In closing, here are two quotes from Dr. King:
Love is the only creative, redemptive, transforming power in the universe.”
In a sermon delivered at the Dexter Avenue Baptist Church in Montgomery, Alabama on Nov. 17, 1957, King said “the whole idea of love, the whole philosophy of love” is part of his “basic philosophical and theological orientation.” In the sermon, titled Loving Your Enemies, King says, “it is love that will save our world and our civilization, love even for enemies.”
“We must be concerned about every human being.”
On June 2, 1959, King delivered the commencement address at Morehouse College. His address, titled Remaining Awake Through a Great Revolution, emphasizes the importance of focusing on improving the world for all, not just for ourselves:
“Rise above the narrow confines of our individualistic concerns to the broader concerns of all humanity. The individual or nation that feels that it can live in isolation has allowed itself to sleep through a revolution.
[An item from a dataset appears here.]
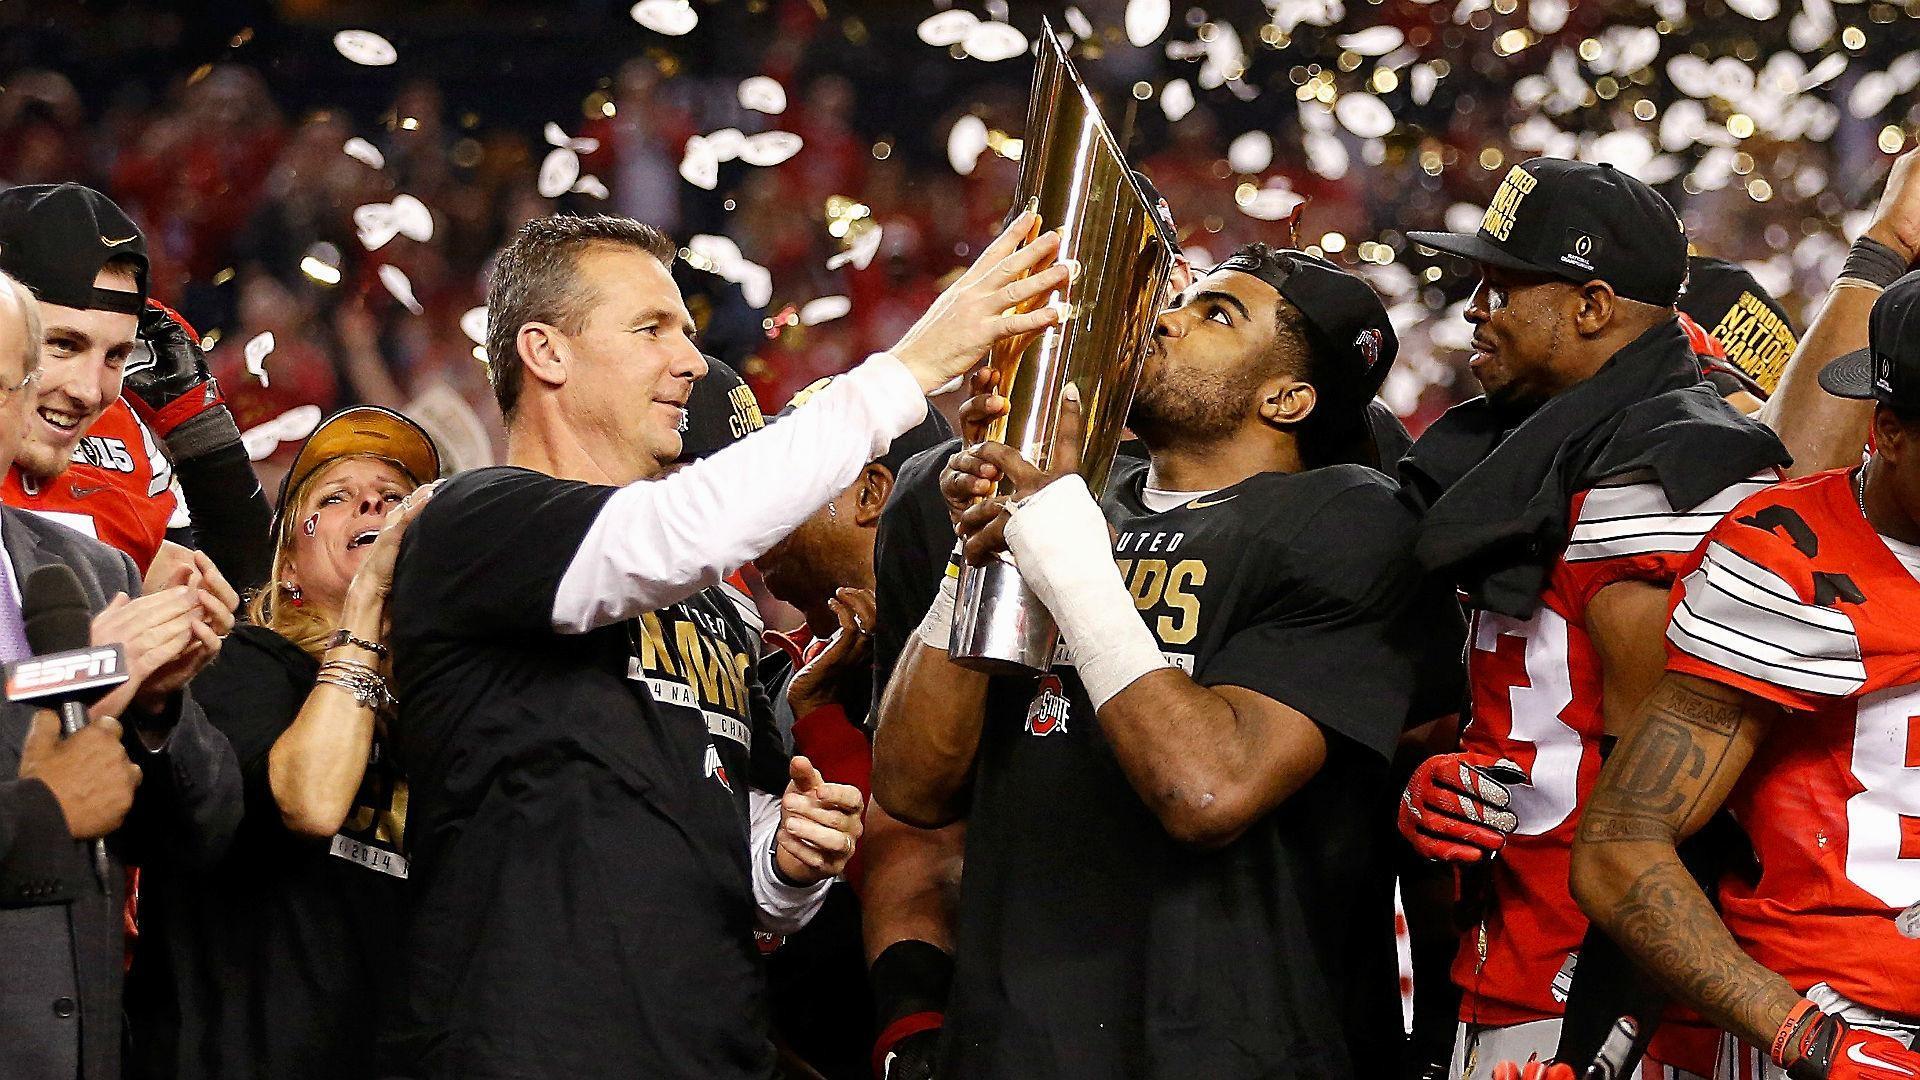 wallpaper.wiki-Ohio-States-latest-national-championship-rings-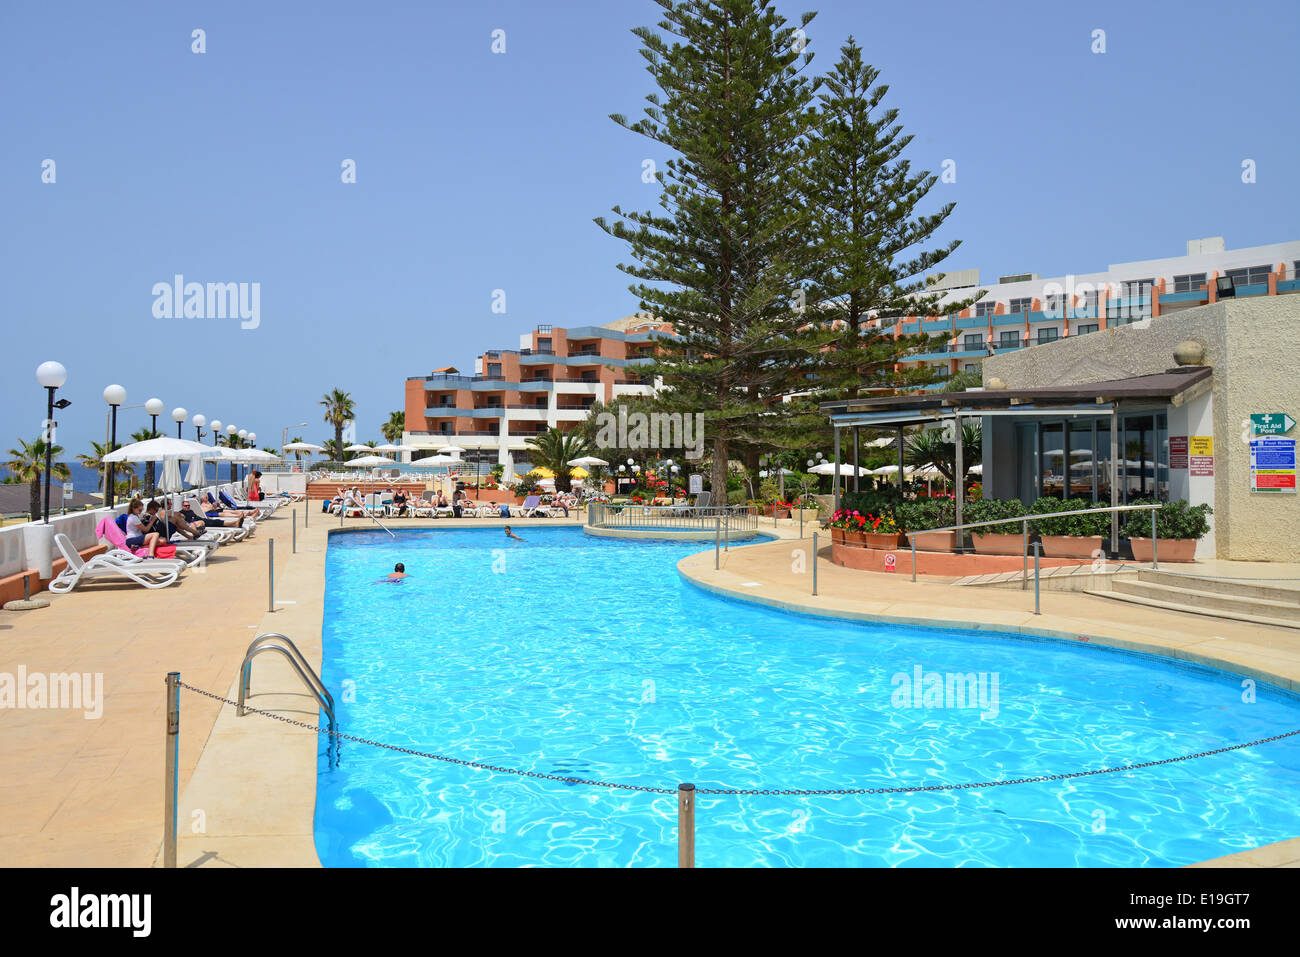 Swimming Pool Dolmen Resort Hotel Saint Paul 39 S Bay San Pawl Stock Photo Royalty Free Image

The geographical togetherness of the modern world makes our very existence dependent on co-existence.
“We must all learn to live together as brothers or we will all perish together as fools. Because of our involvement in humanity we must be concerned about every human being.”
Most of all, we should always remember John 3-16
“For God so loved the world so much that he gave his only son so that anyone who believes in him shall not perish but have eternal life.”
Note, it says “world,” not “Black world, white world or any other separate world.” Keeping this in mind, know God loves us all the same and He is always in control.
So what’s love got to do with it? If we love everybody and are genuinely concerned about each other, this world would be a better place
This presentation was given at a program of the Association for the Study of African-American Life and History (ASALH) and submitted by Audrey P. Williams, President, Hampton Roads Branch ASALH.